The mean, standard deviation, and the coefficient of variation (CV) for 12 repeated measurements on aliquots of the same control blood sample are 74.6%, 2.8%, and 3.8%, indicating the SD measured by the SD-D-OCT system is highly repeatable. The percentage difference and standardized difference between the two groups (n = 12 for each group) of the control and the aggregating blood with 2% Dx500 are 60.4% and 8.16. The standardized difference is much larger than that of commercial available optical aggregometers (Table 1).3 The large percentage difference and standardized difference between the two groups implies the SD value is highly sensitive to aggregation difference.

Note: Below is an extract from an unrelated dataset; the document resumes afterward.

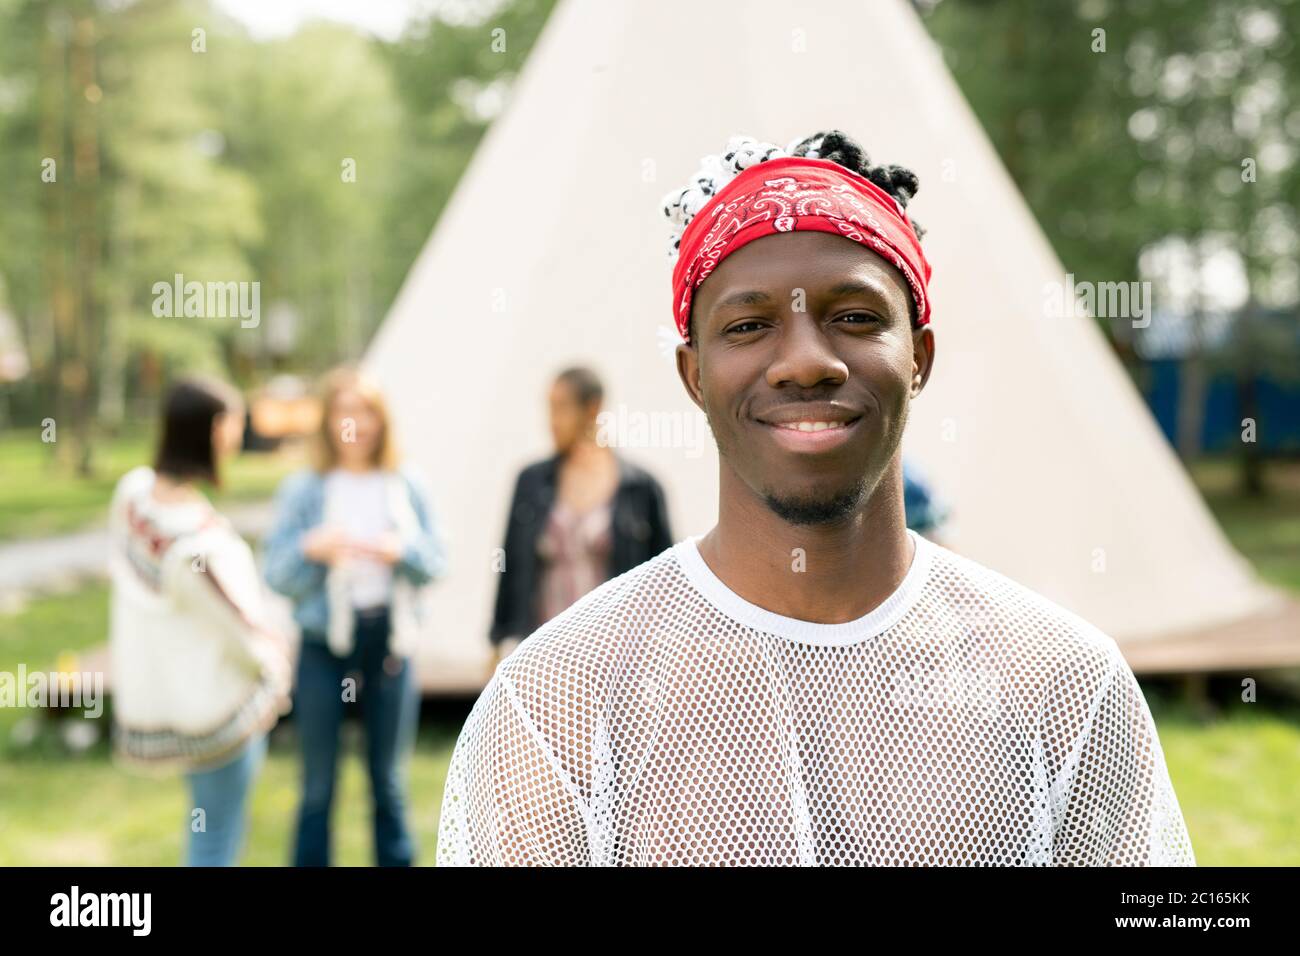 Portrait of smiling handsome young black man with beard wearing red bandana spending time at festival campsite Stock Photo

TABLE 1 Comparison of instrument precision and sensitivity between Doppler variance method and light transmission method4

The data presented in this work point to the possibility of optical Doppler variance determination of the RBC aggregation. In all our experiments, RBC aggregation induced by dextran or at the presence of fibrinogen caused a practically 30–40% decrease in the SD of Doppler frequency spectrum. The normal blood has a SD value larger than 70 and the aggregated blood has a SD value smaller than 50 at a pseudo shear rate of 60 s−1. The shear rates between 40–60 s−1 mimicking the venular vessels where RBC aggregation often exists were found to be optional operating flow velocities for sensitivity, especially higher signal-to-noise ratio at 60 s−1.

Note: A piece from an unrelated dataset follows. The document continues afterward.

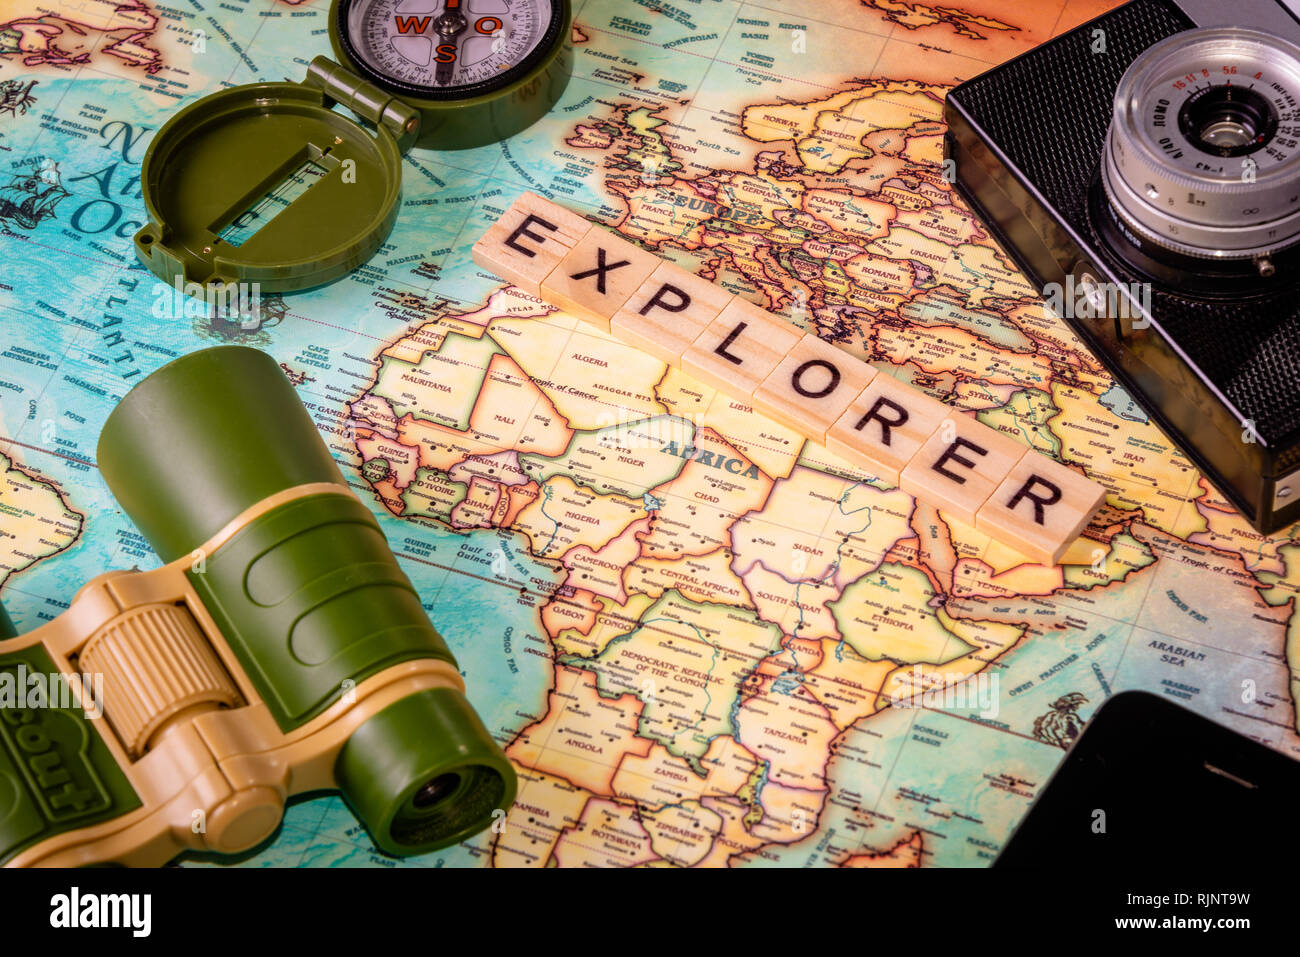 Map of Africa and Europe and travel technology accessories Stock Photo

One may speculate why the dimension of the round microchannel with an inner diameter of 300 μm was used. Typical RBC aggregometers have similar dimensions for their present channel gap. For instance, the LORCA has a 300 μm gap in concentric annulus. Myrenne aggregometer has an approximately 70 μm gap in a cone-plate geometry, which may limit the formation of normal 3D aggregates.

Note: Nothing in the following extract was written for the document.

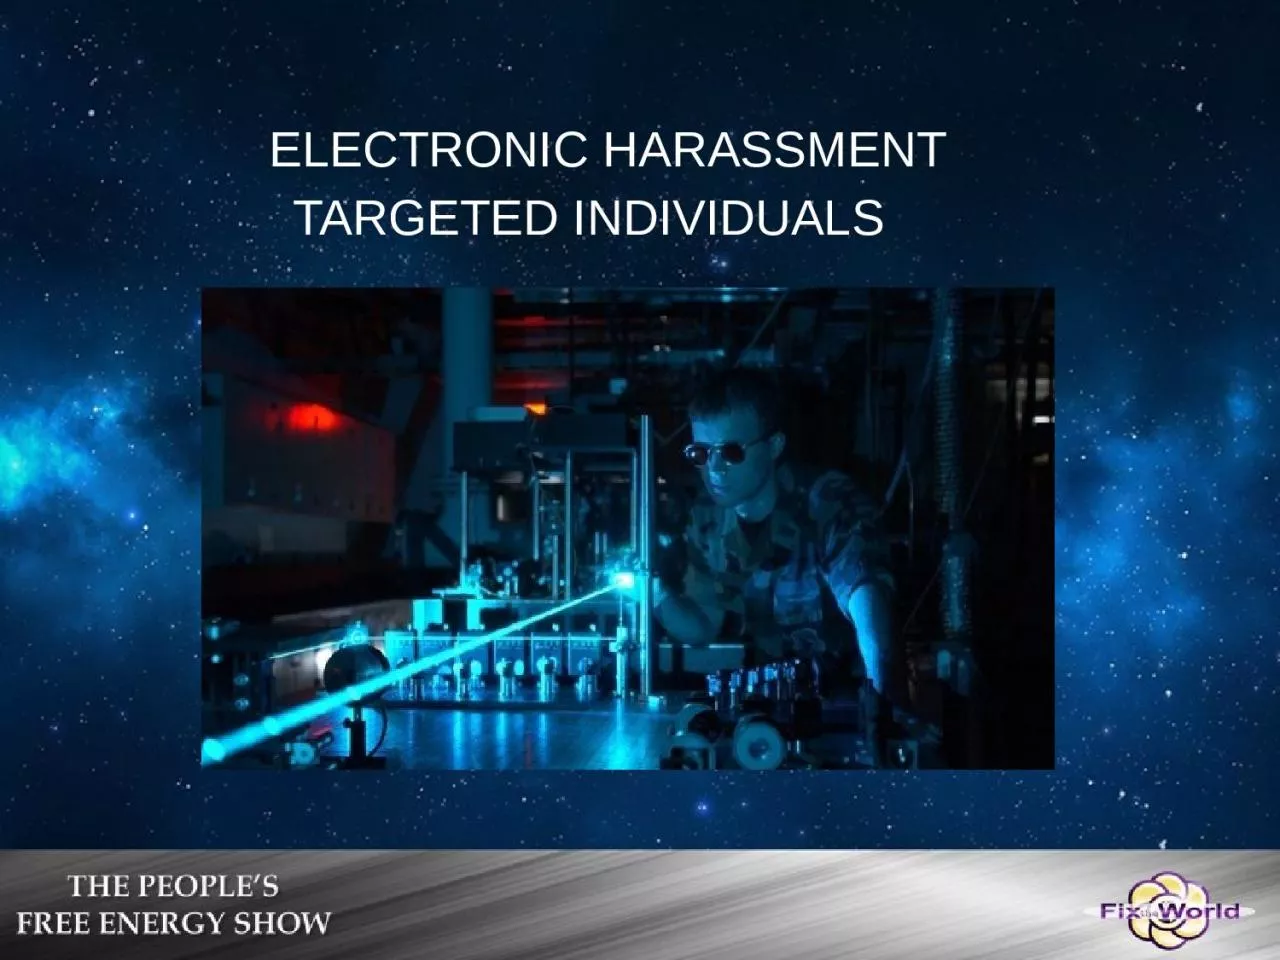 ELECTRONIC HARASSMENT TARGETED INDIVIDUALS

We have found a new qualitative measure of red blood cell aggregation, directly measured through a SD of the velocity power spectrum. The new qualitative index function can provide information matching the in vivo microvascular blood flow with shear rates of 40–60 s−1 and is of nonsignificant hematocrit dependence. However, for practical use, a quantitative model relating the SD to the aggregate size is needed. A wide range of aggregation schemes are possible for RBCs (e.g., diffusion limited aggregation or rouleaux patterns) and understanding their impact on velocity fluctuations is very challenging. Furthermore, as known, the Doppler frequency shift depends on the Doppler angle between the probe and flow directions and would vary during in vivo measurements. However, it was demonstrated that variance imaging is less sensitive to the Doppler angle during in vitro and in vivo measurements in our previous results.30,38 Nevertheless, we currently aim to develop an optical-microfluidic rheometry with a fixed Doppler angle for in vitro routine medical test. Although the variance of Doppler frequency spectrum is less sensitive to the Doppler angle, the studies on the possible effects on in vivo measurements are under way. Except for the possible effects of the Doppler angle, the phase instability caused by bulk-motion artifacts and optical heterogeneity are also the limitations for in vivo use. A technique to be established using the new index to quantitate RBC aggregation either for in vitro or in vivo measurements requires further studies.

Conclusions

We proposed SD-D-OCT technique to qualitatively measure RBC aggregation with high sensitivity and reproducibility. The SD of Doppler frequency spectrum of RBCs in flowing blood was validated as a new RBC aggregation index, which was independent of blood hematocrit. Clear evidence of correlation between the SD value of Doppler frequency spectrum and RBC aggregation induced by dextran and fibrinogen which is similar to in vivo blood flow was demonstrated.